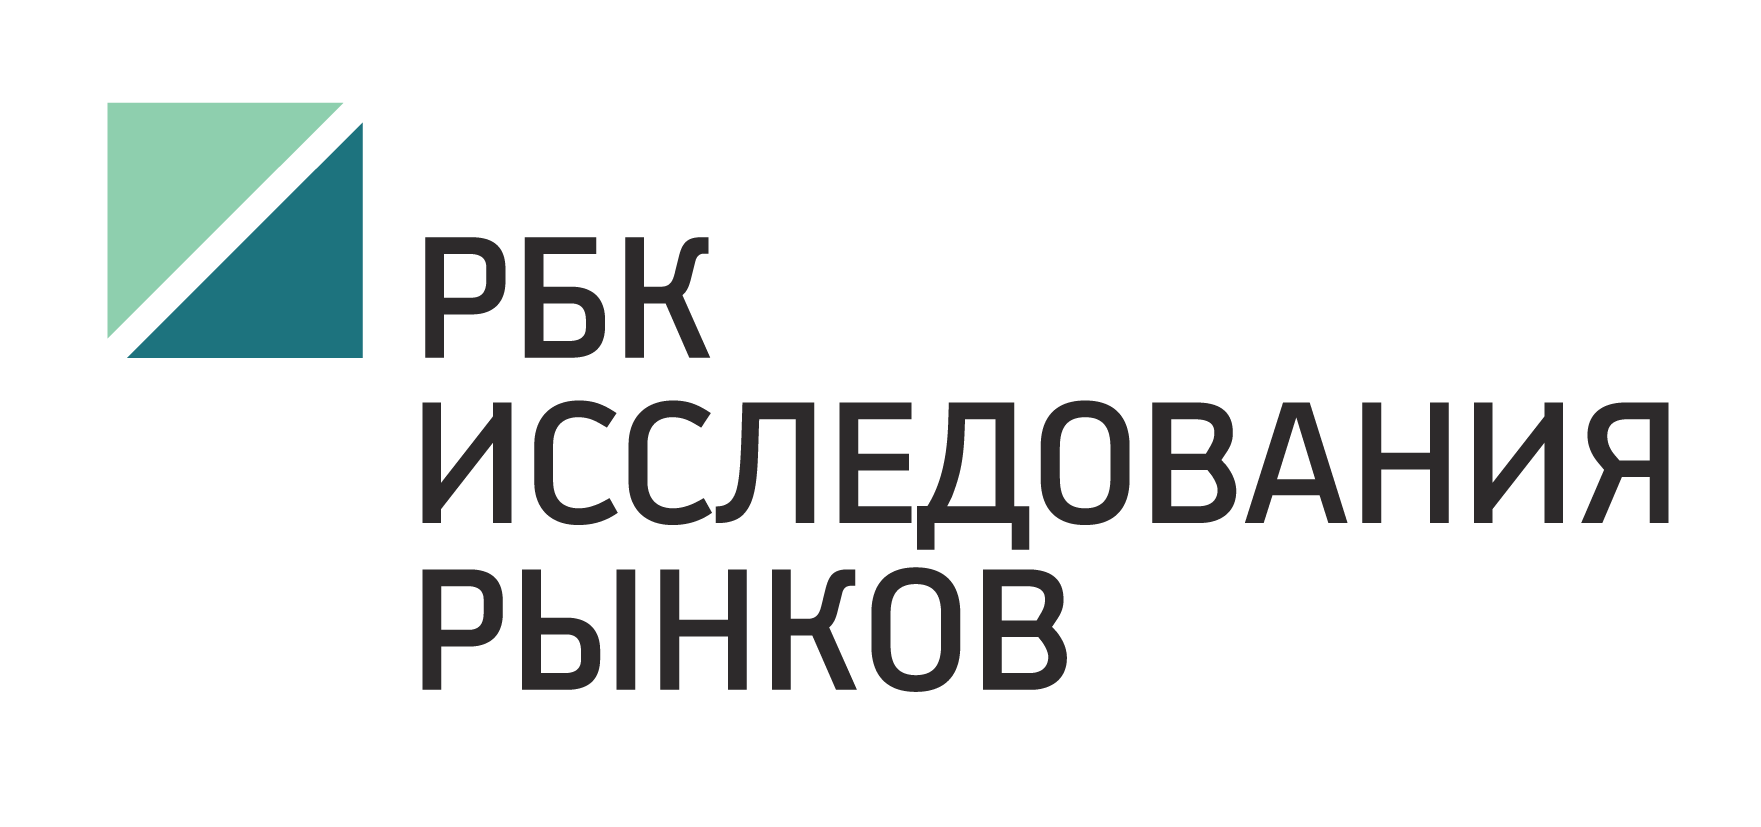 Https quote rbc. РБК исследования рынков лого. РБК исследования. РБК эмблема. Логотип русской буровой компании.
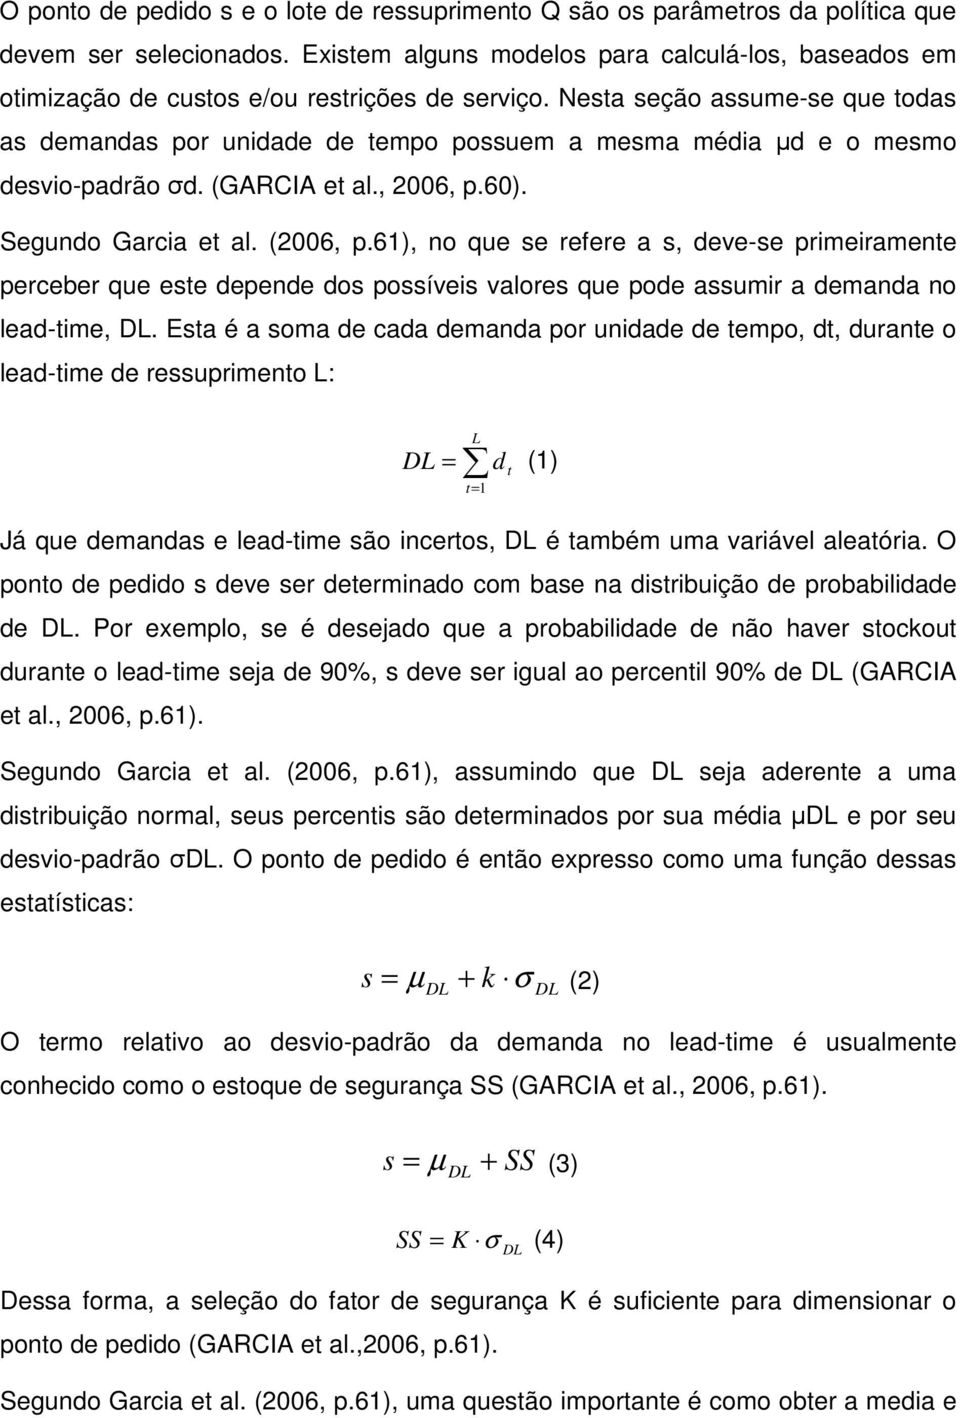 Nesta seção assume-se que todas as demandas por unidade de tempo possuem a mesma média µd e o mesmo desvio-padrão σd. (GARCIA et al., 2006, p.60). Segundo Garcia et al. (2006, p.
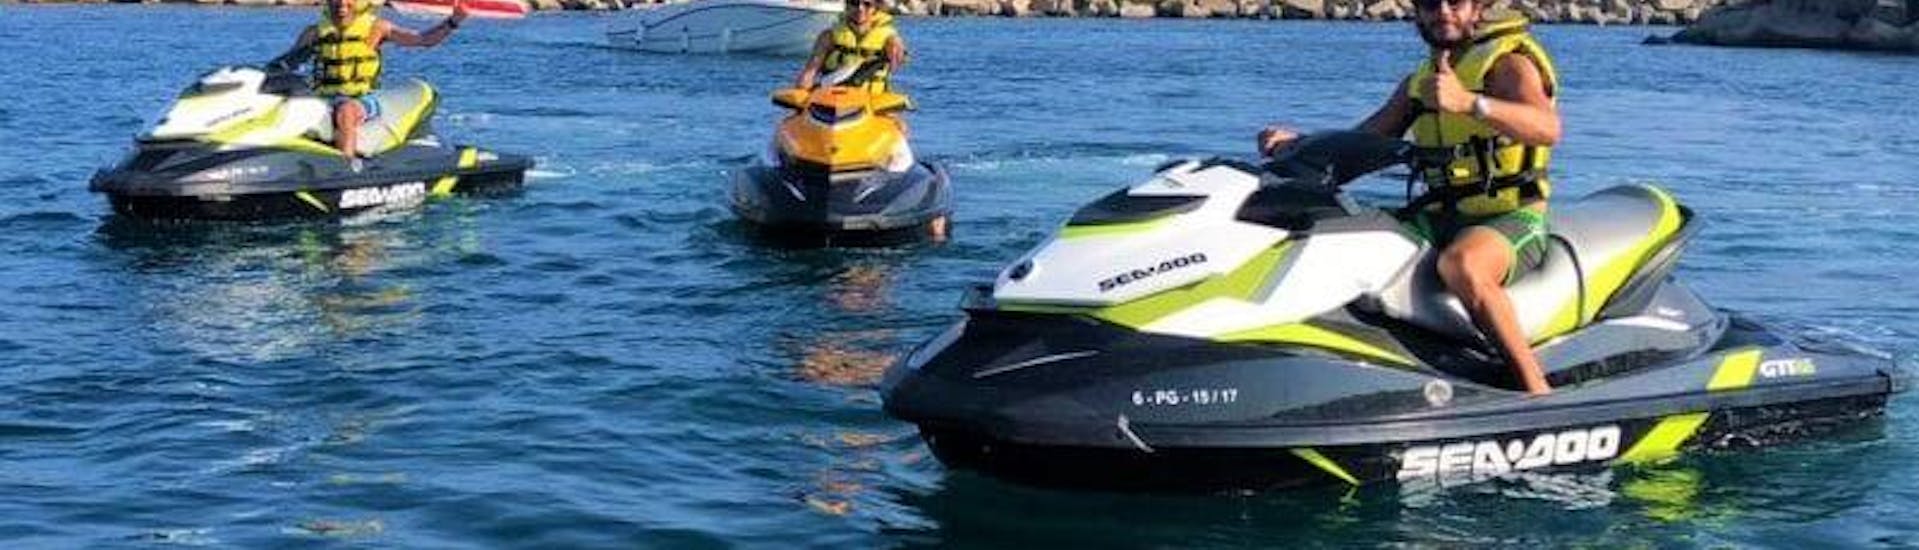 Un safari en moto de agua va hasta el Mar Menor con BaliserMar.
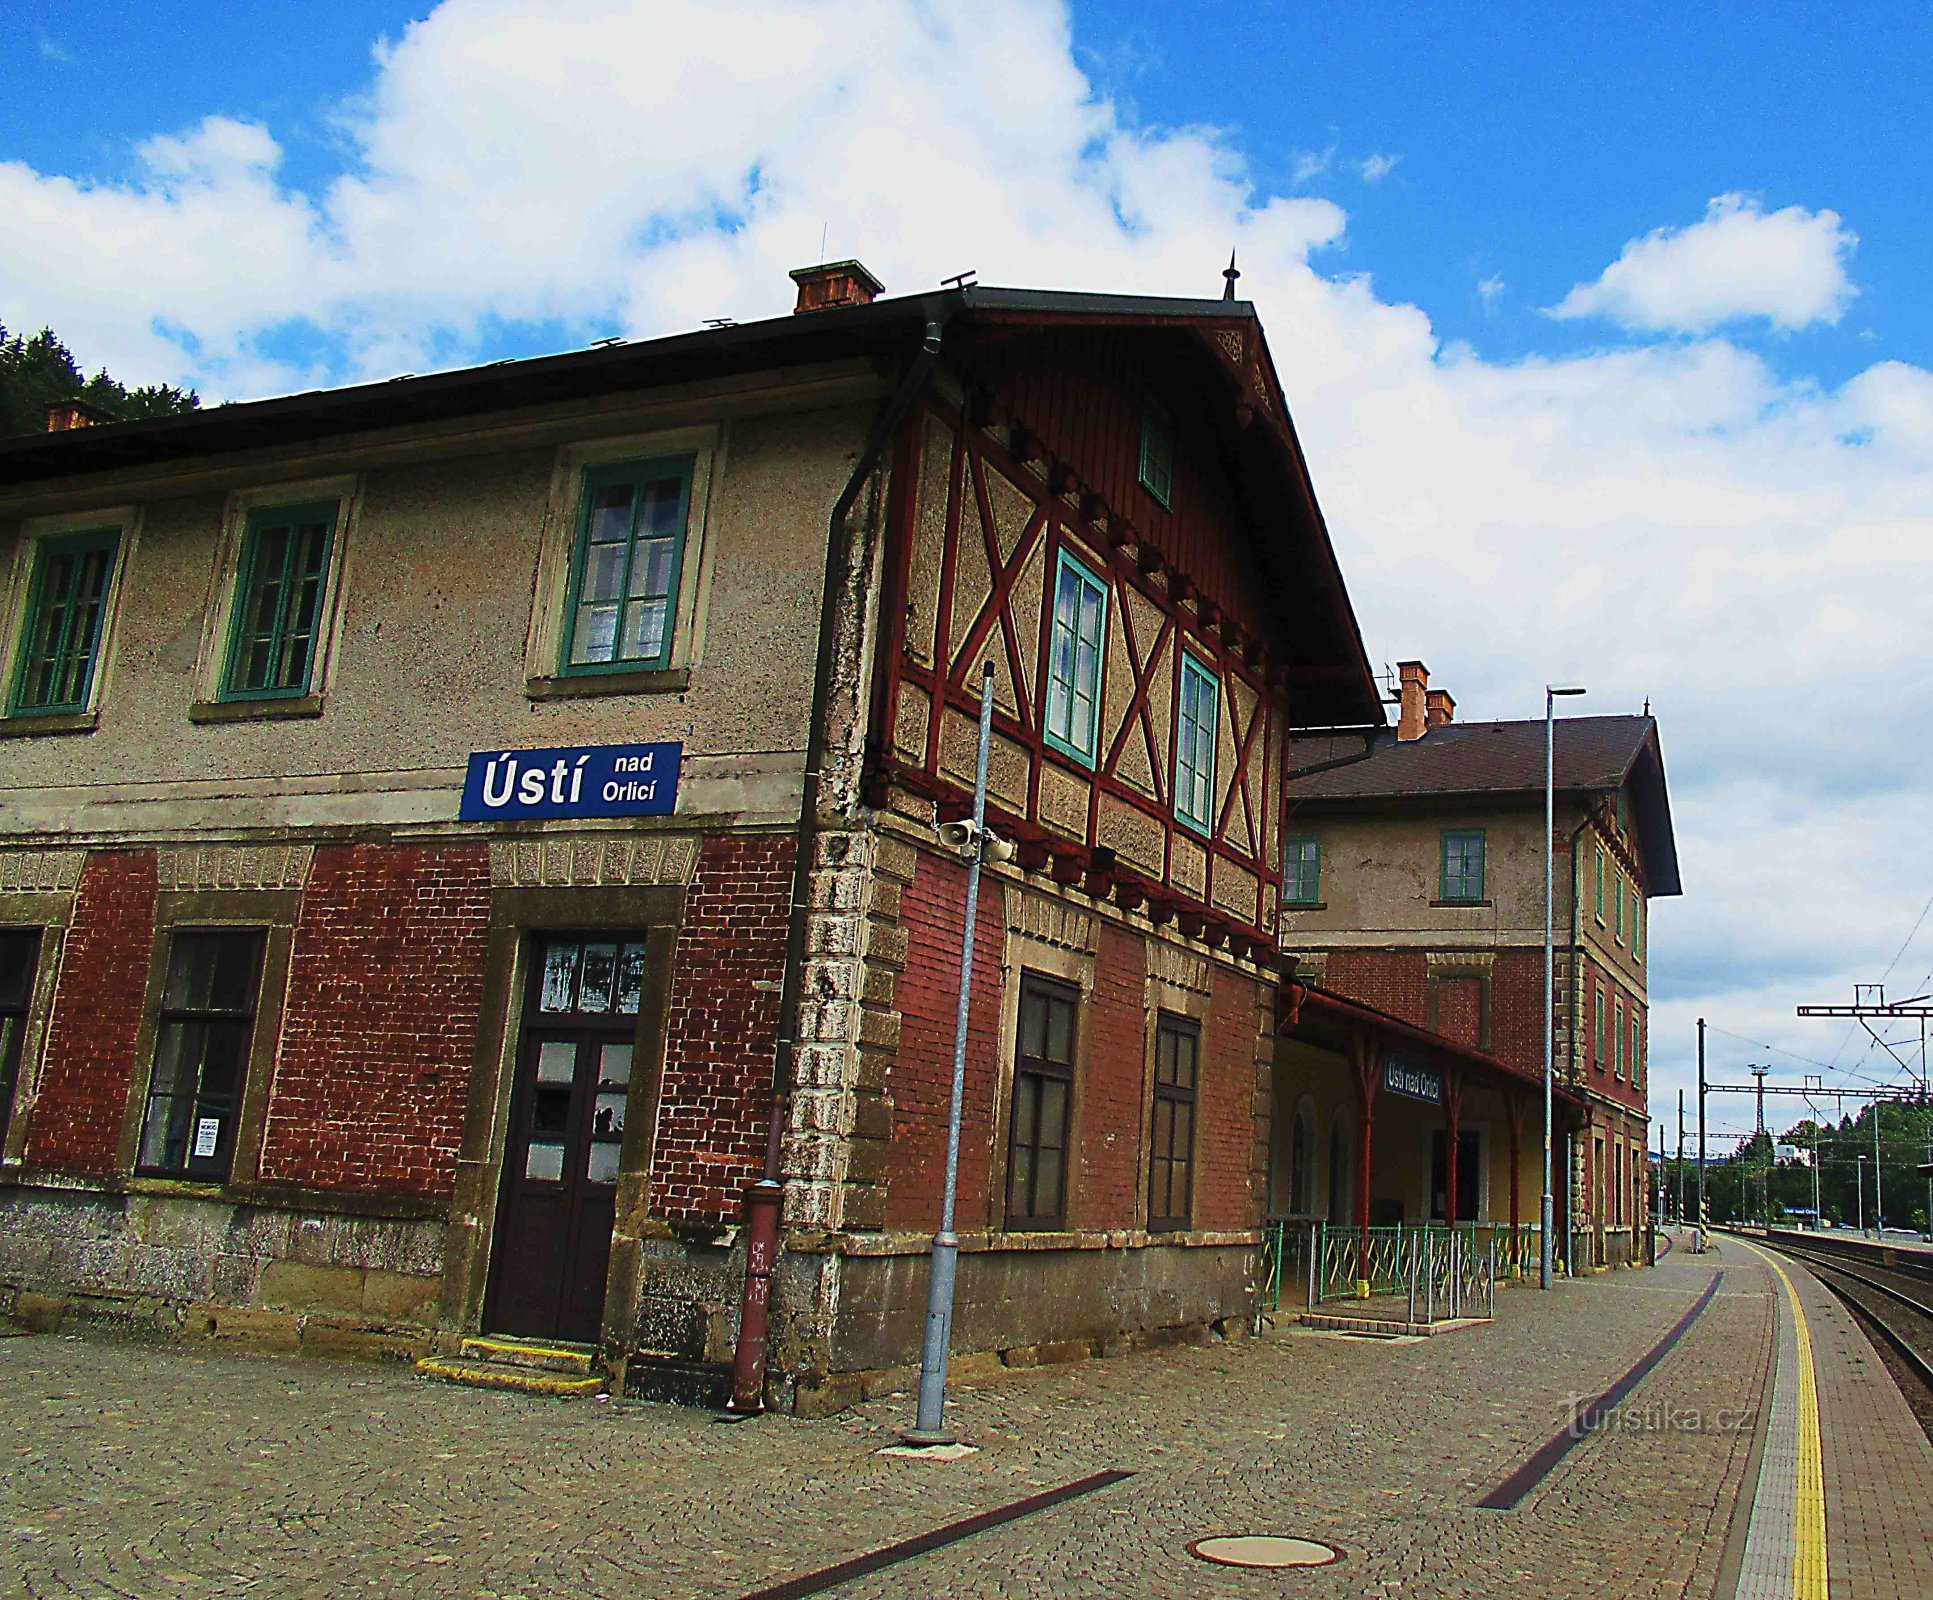 ウスティ・ナド・オルリシ駅の歴史的建造物
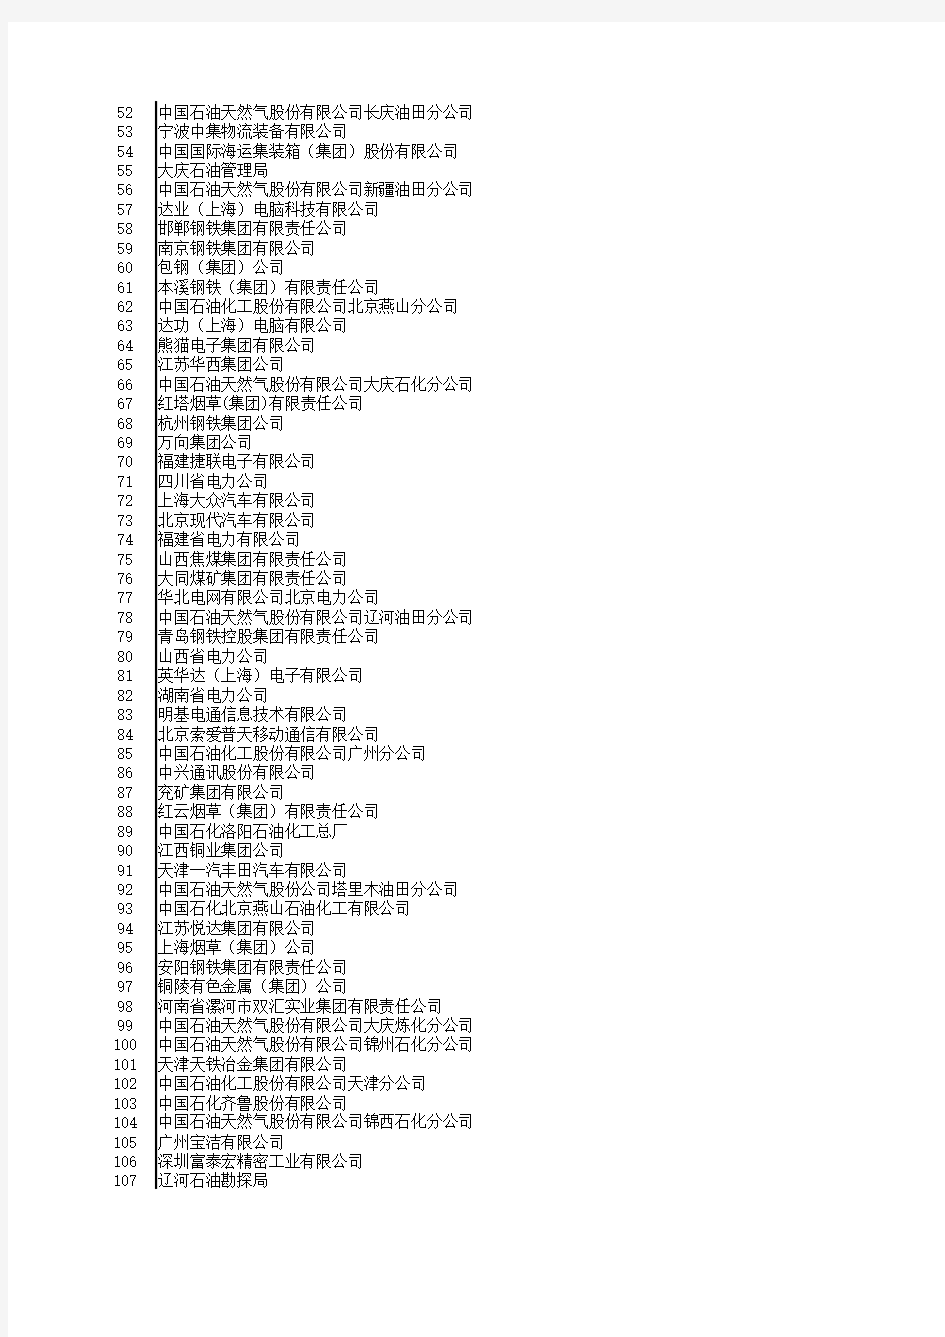 中国大型工业企业名单
• • •
Please print the lines above exactly, beginning at the first line of the entries and ending at the line holding "ウスティ・ナド・オルリシ駅の歴史的建造物", and leave the pictures out.

 Https quote rbc. РБК исследования рынков лого. РБК исследования. РБК эмблема. Логотип русской буровой компании.
 Nesta seção assume-se que todas as demandas por unidade de tempo possuem a mesma média µd e o mesmo desvio-padrão σd. (GARCIA et al., 2006, p.60). Segundo Garcia et al. (2006, p.
 Un safari en moto de agua va hasta el Mar Menor con BaliserMar.
 ウスティ・ナド・オルリシ駅の歴史的建造物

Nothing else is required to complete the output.